* Available data

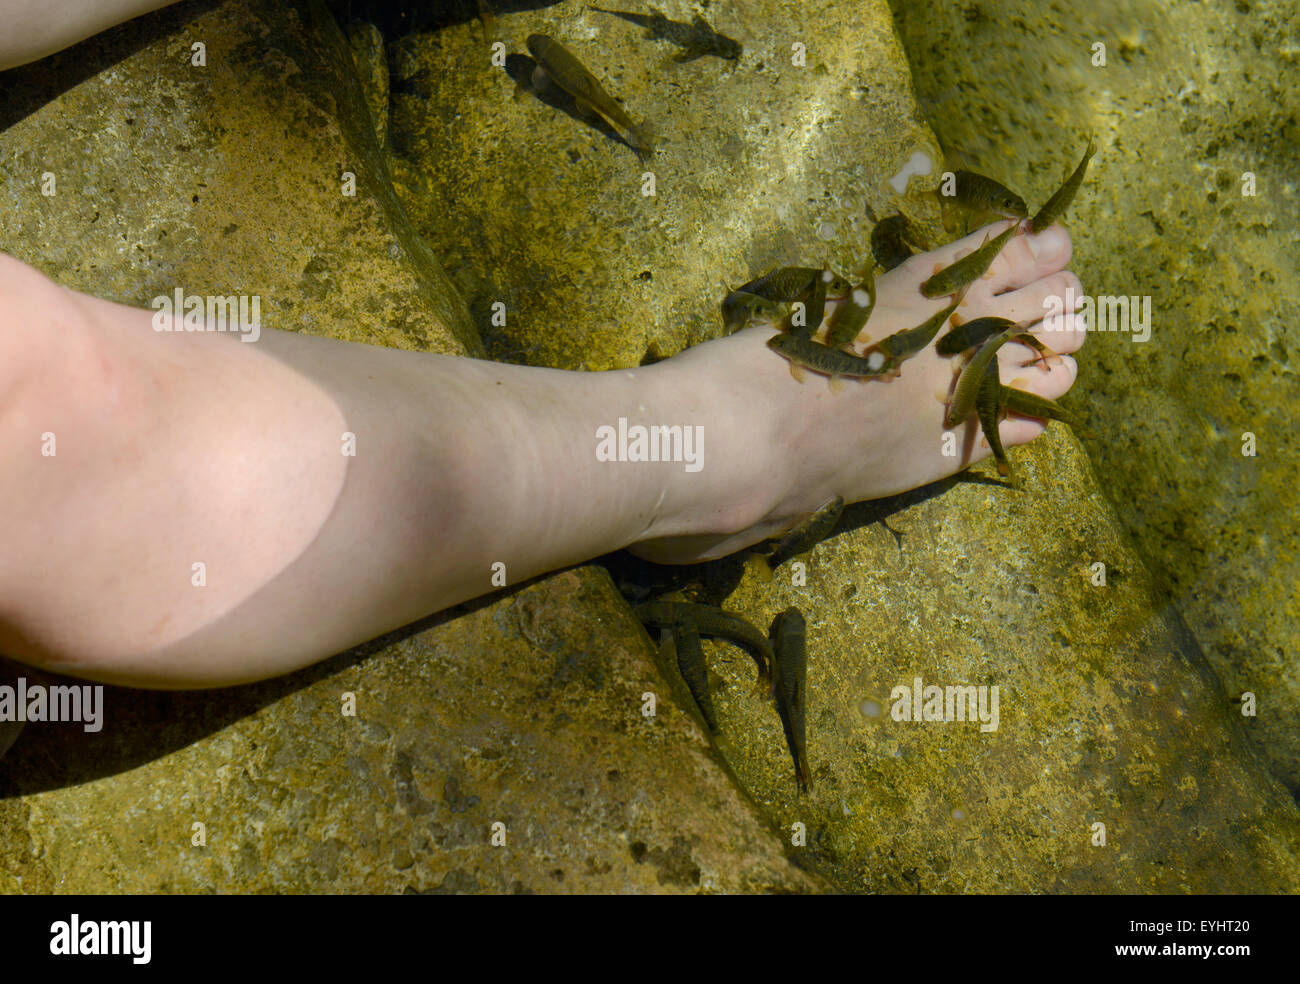 Banjaran hot springs, Garra rufa or doctor fish nibble on the foot of a person receiving a spa treatment, Malaysia Stock Photo
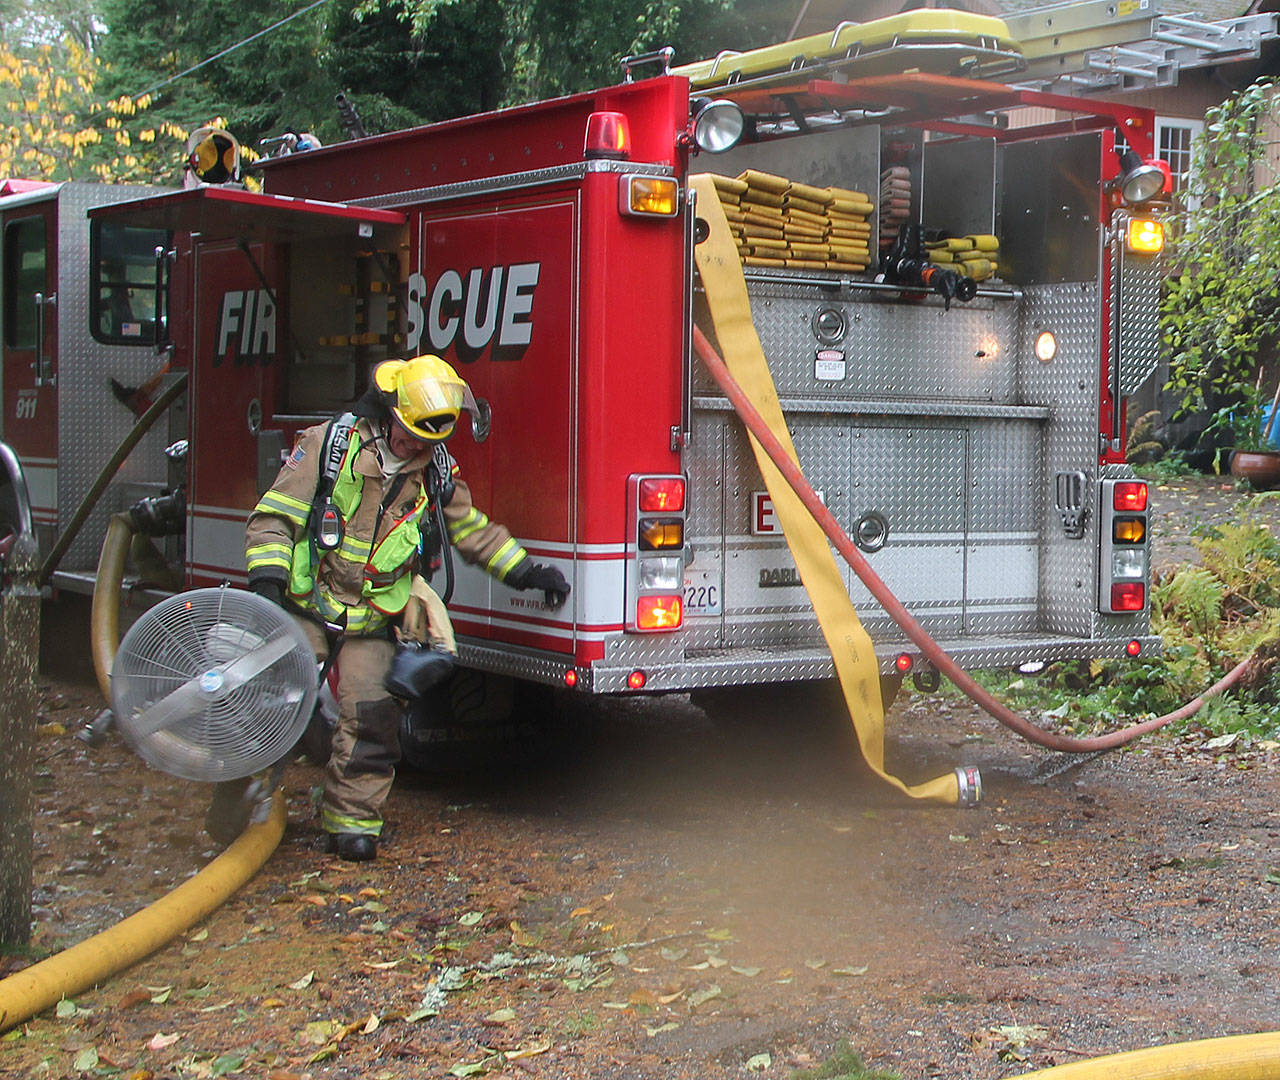 With the passage of the fire district’s levy, VIFR is working to hire more firefighters, both full and part time. Above, volunteer firefighter Mike Kirk assists at last week’s house fire. (Susan Riemer/Staff Photo)
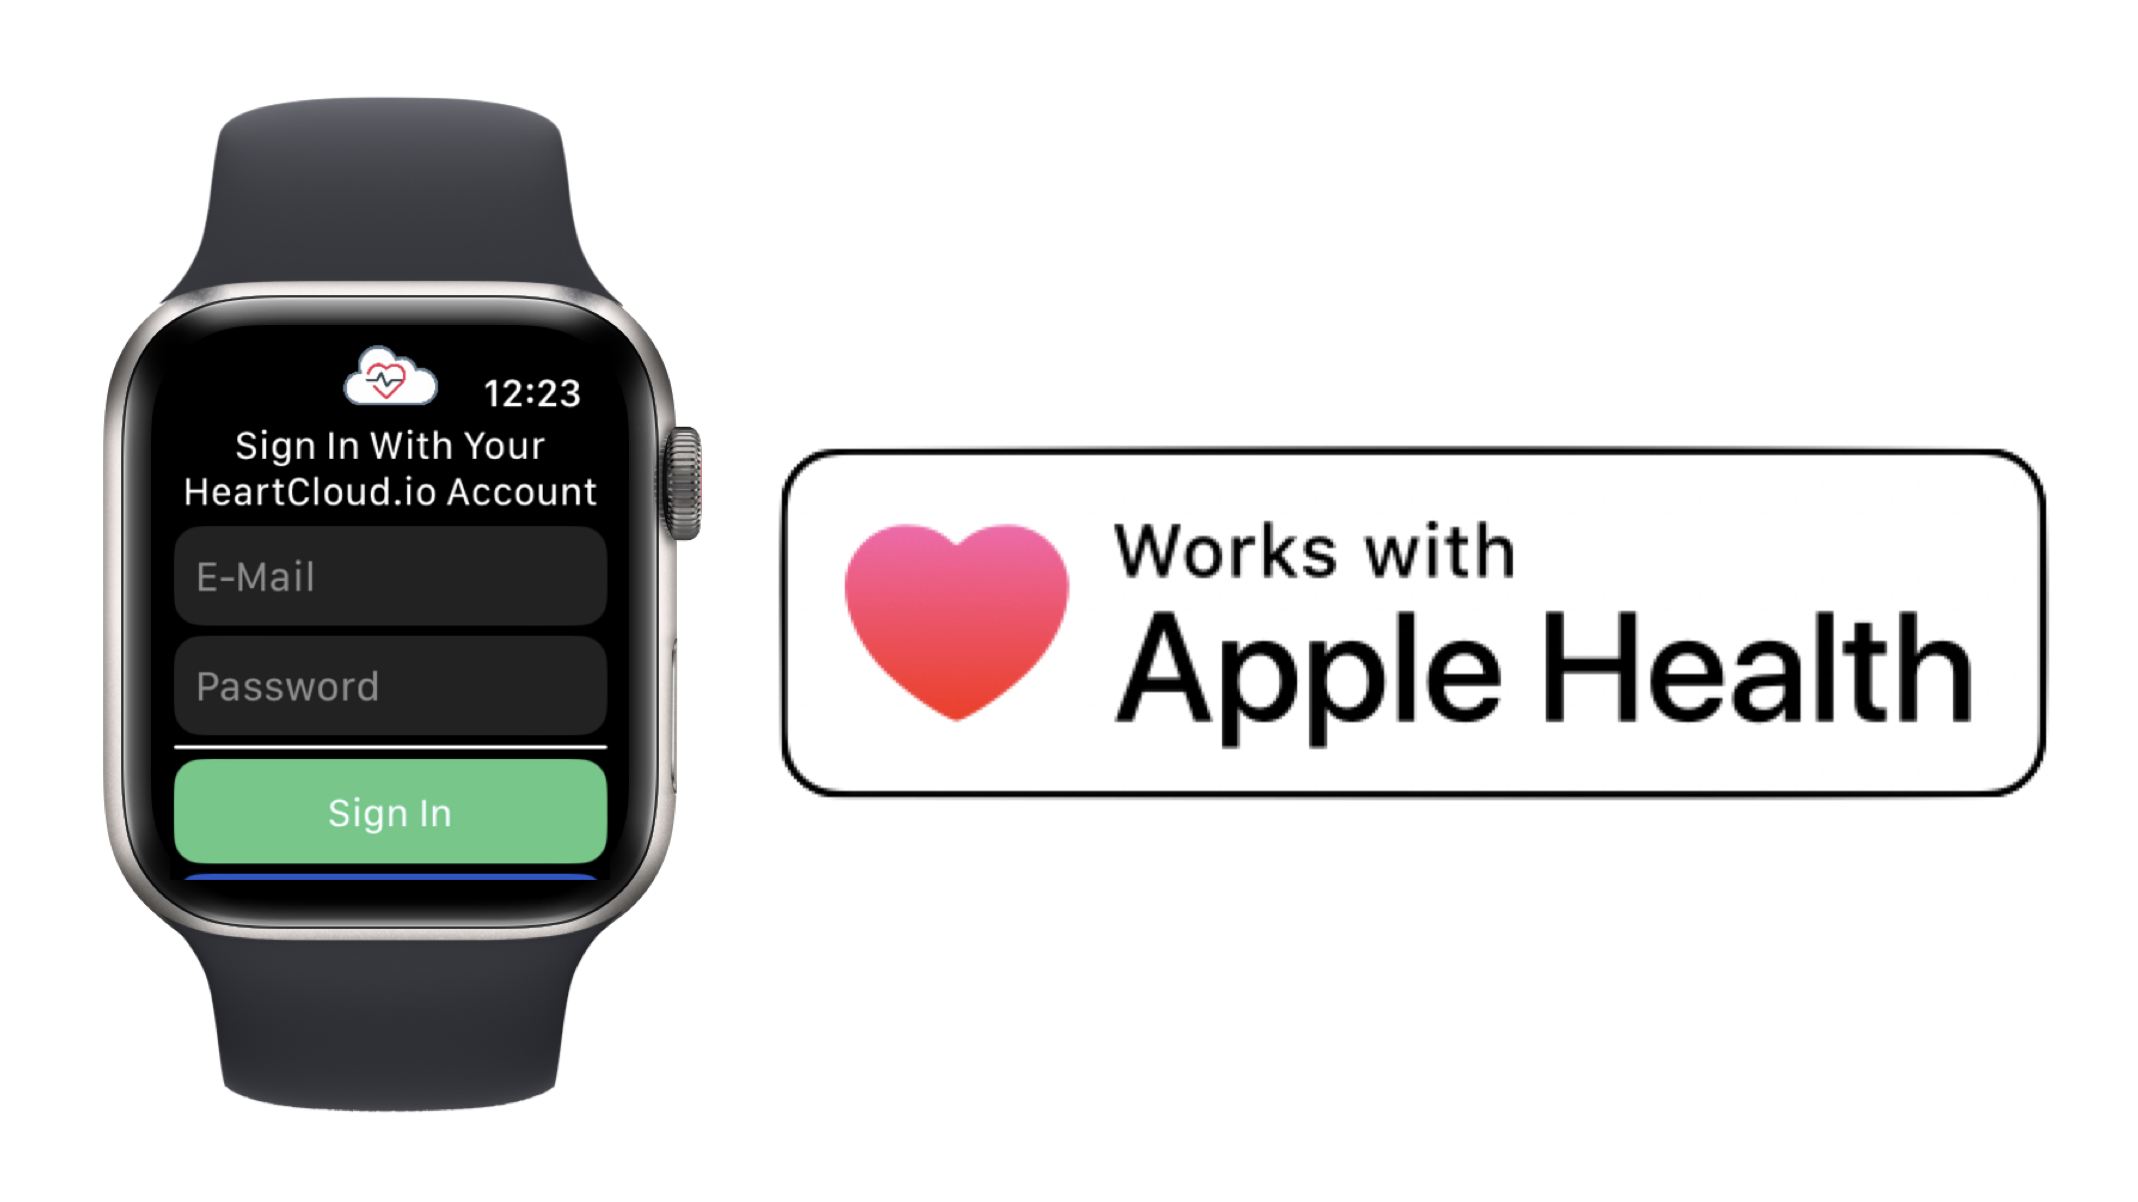 HeartCloud Sync Apple Watch app with sign in page and Works With Apple Health badge to right of Apple Watch image

* Activity
Write the data above out again exactly, every line of it, and exclude the pictures.

* Task answer
 Banjaran hot springs, Garra rufa or doctor fish nibble on the foot of a person receiving a spa treatment, Malaysia Stock Photo
 With the passage of the fire district’s levy, VIFR is working to hire more firefighters, both full and part time. Above, volunteer firefighter Mike Kirk assists at last week’s house fire. (Susan Riemer/Staff Photo)
 HeartCloud Sync Apple Watch app with sign in page and Works With Apple Health badge to right of Apple Watch image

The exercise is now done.